У окна залаяла Систер, и Ричард пораженно ловит себя на мысли, что впрямь удивился бы, окажись Гвен не права насчет матери — будь это Марч там, так рано, за дверью. Но посетитель — всего лишь кролик, нахально прыгнувший под крышу на веранде в поисках убежища от непогоды.
— Здесь почти не было кроликов, когда я рос, — вспоминает Ричард. — Уж слишком много шастало вокруг лисиц. Если бы ты ближе к вечеру вышла в лес, то непременно бы их увидела. Особенно в сумерках. Сначала возникала мысль, что чудятся чьи-то шаги.
Систер бросила сторожить дверь и заинтригованно потопала к ним. Пришла и растянулась рядом на плетеном коврике.
— Все вокруг — сплошь серое, даже горизонт. И вдруг ты видишь…
— Неужто лису? — улыбается Гвен.
Ричард кивает.
— Довольно часто зимой, особенно когда выпадет снег, легко можно было наткнуться на целую дюжину их или даже больше. То было нечто, что разум человека не в состоянии понять, не в состоянии даже высказать смутную догадку. Это называли «лисий круг». Впечатление такое, если проводить аналогию с нашим обществом, будто собрался совет правления леса. Я часто думаю об этом феномене при своих полевых исследованиях. Есть мир над привычным для нас миром, с совсем иными законами.
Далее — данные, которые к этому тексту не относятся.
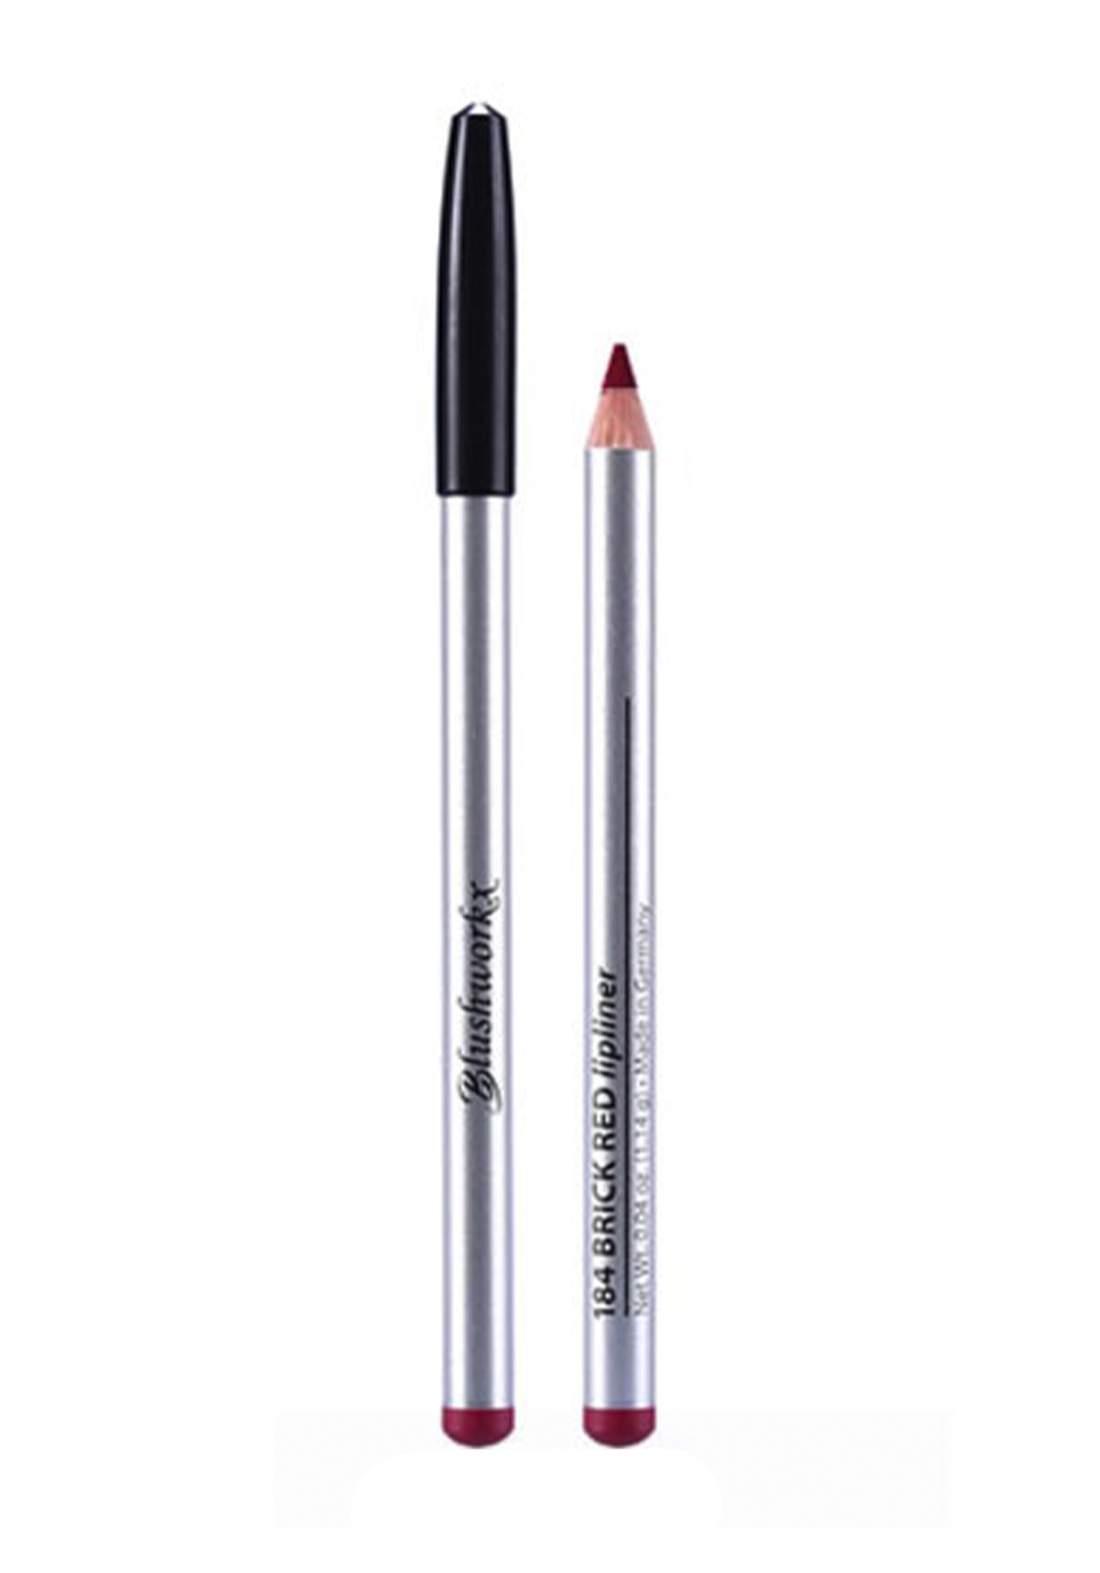 Blushworkx Hollywood Lip Liner Pencil No.184 Brick Red 1.14g محدد الشفاه

— Куда ж теперь девались все лисицы?
— Наткнулись как-то на одну-единственную особь, болевшую бешенством, — и все, полностью сняли запрет на охоту. Теперь лисиц здесь больше нет.
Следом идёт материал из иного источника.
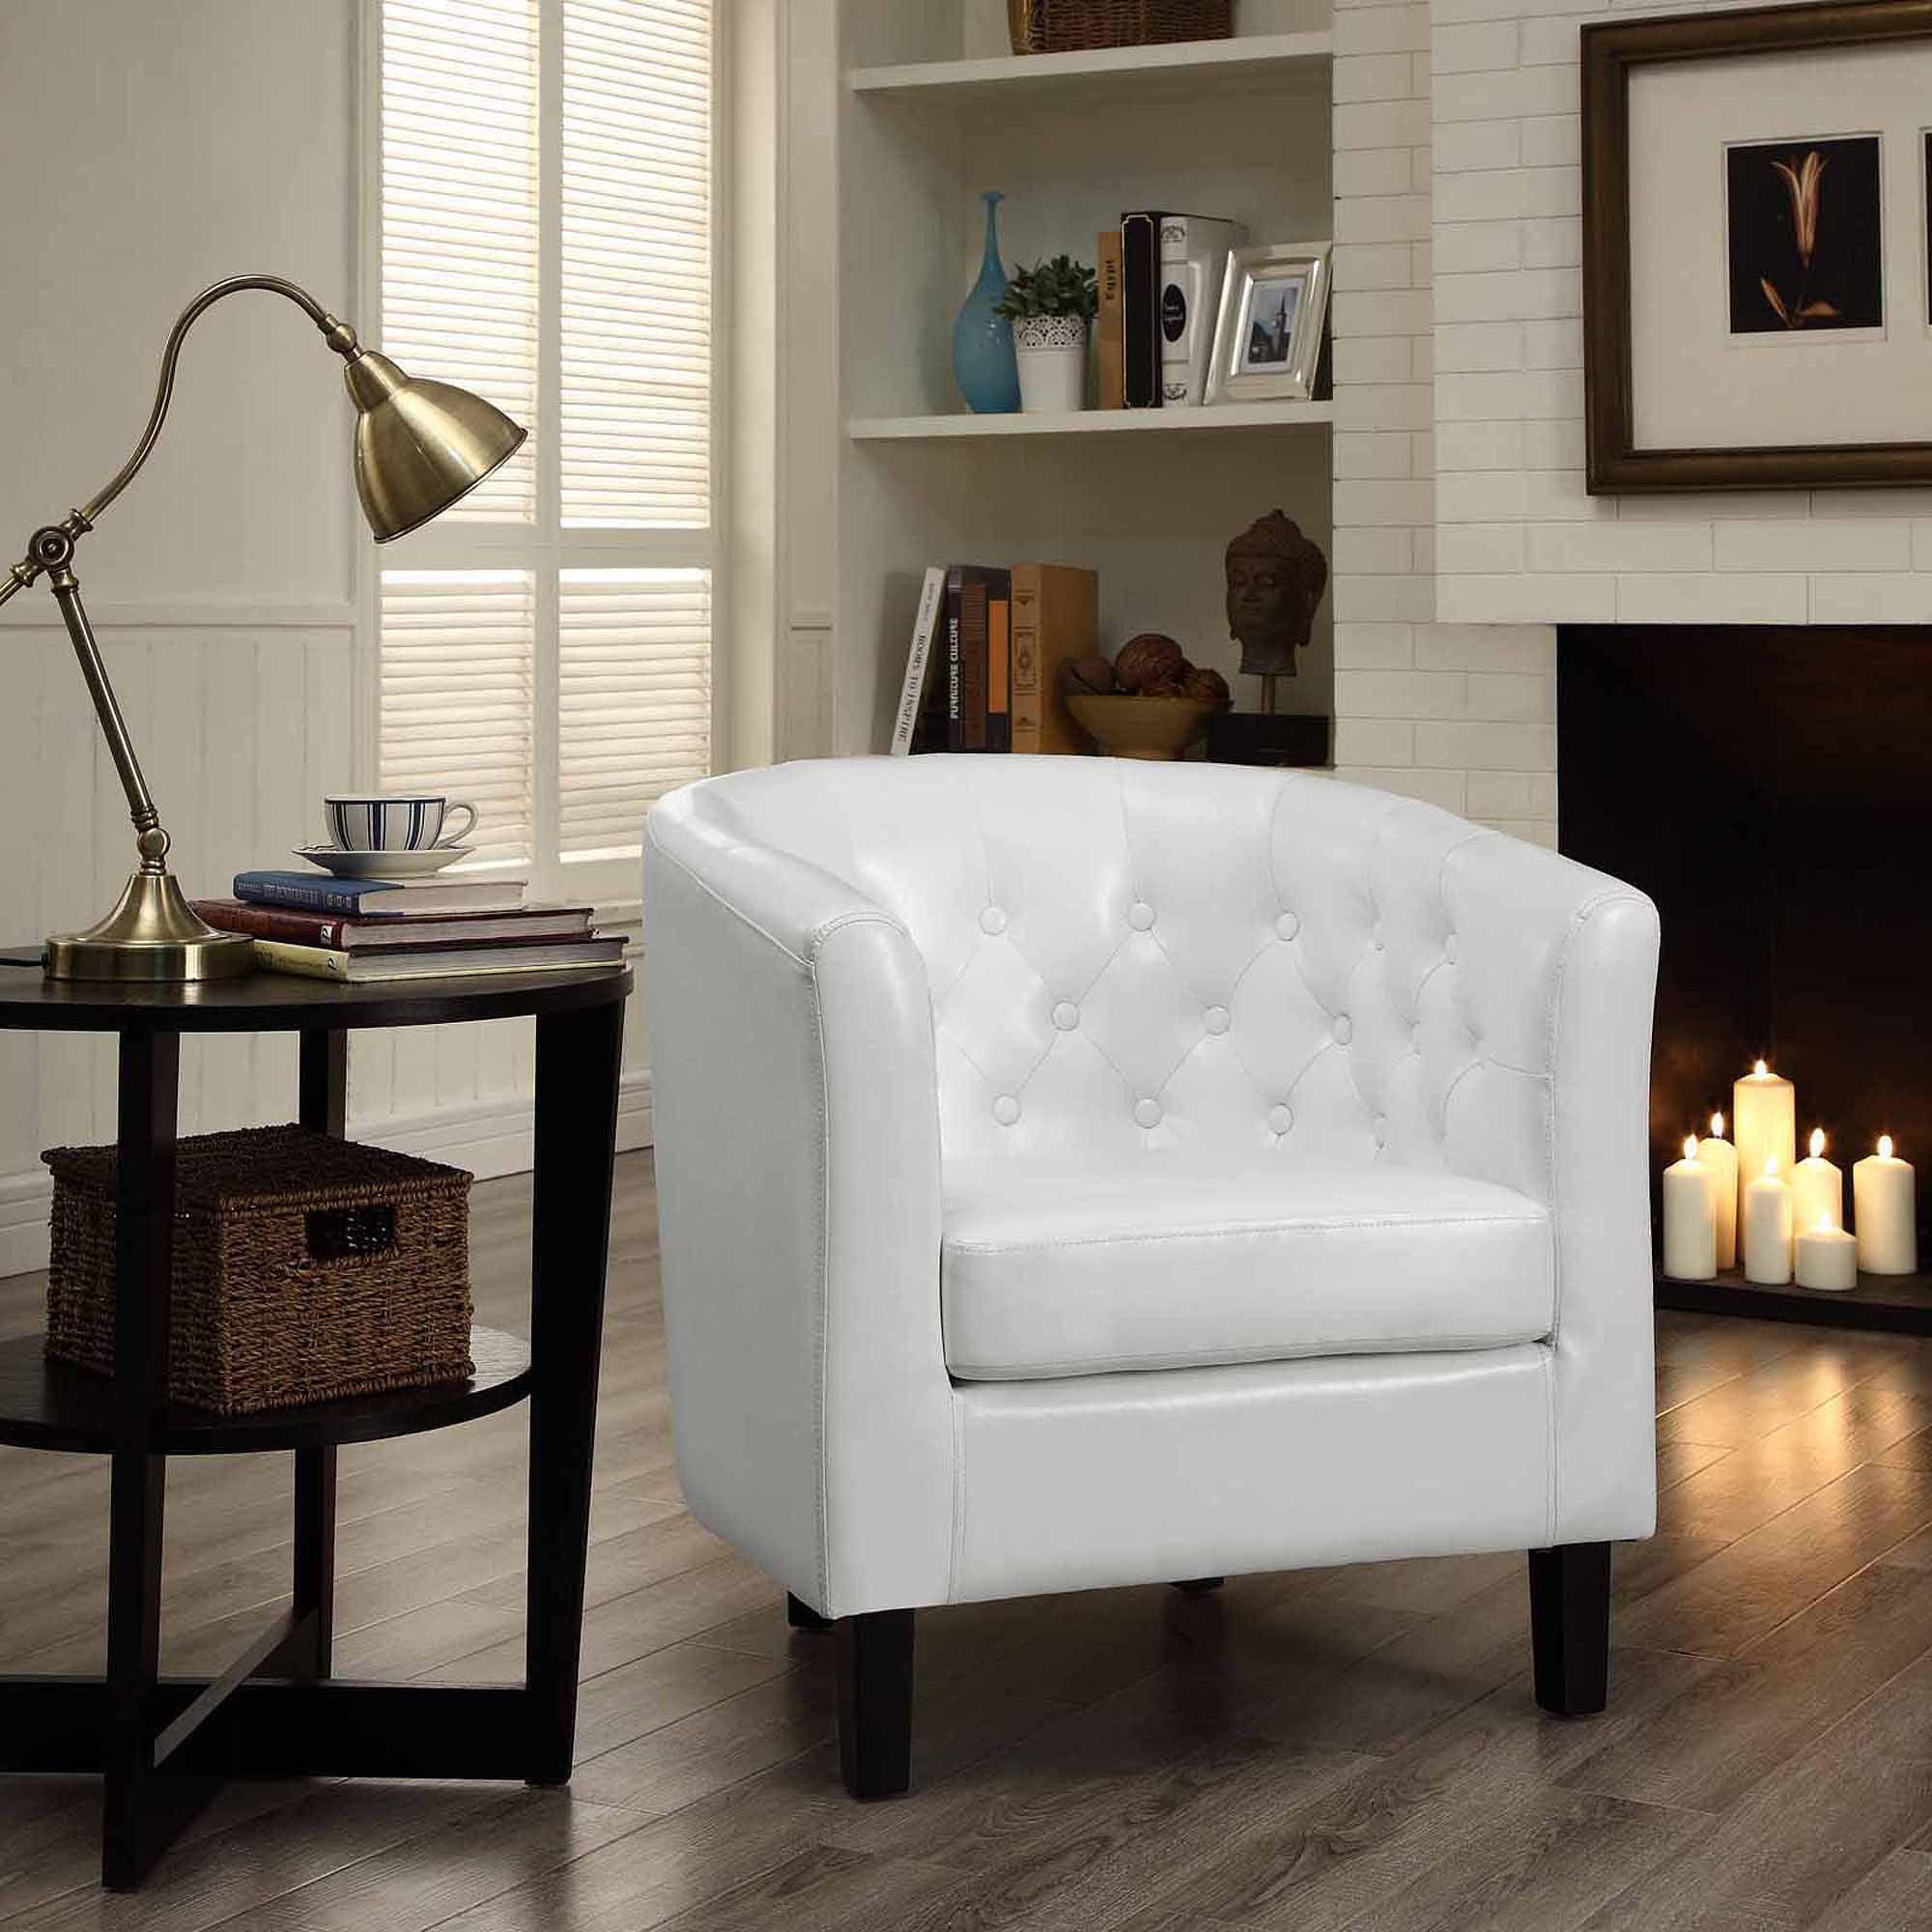 Modway Prospect Leatherette Armchair, Multiple Colors by Modway

То был год, когда ушел Холлис. Ричард ясно помнит: всякий раз, приходя на Лисий холм к Марч, он слышал выстрелы в лесу. Тогда он был даже благодарен Холлису. Уйдя, тот дал Ричарду шанс, о котором ему даже не мечталось. Забавно сознавать, какие именно воспоминания избирает хранить наша память. Одно запечатлелось у Ричарда очень четко: Марч улыбается каждый раз, когда, открыв дверь, видит его на пороге (не мог же он себе это вообразить?).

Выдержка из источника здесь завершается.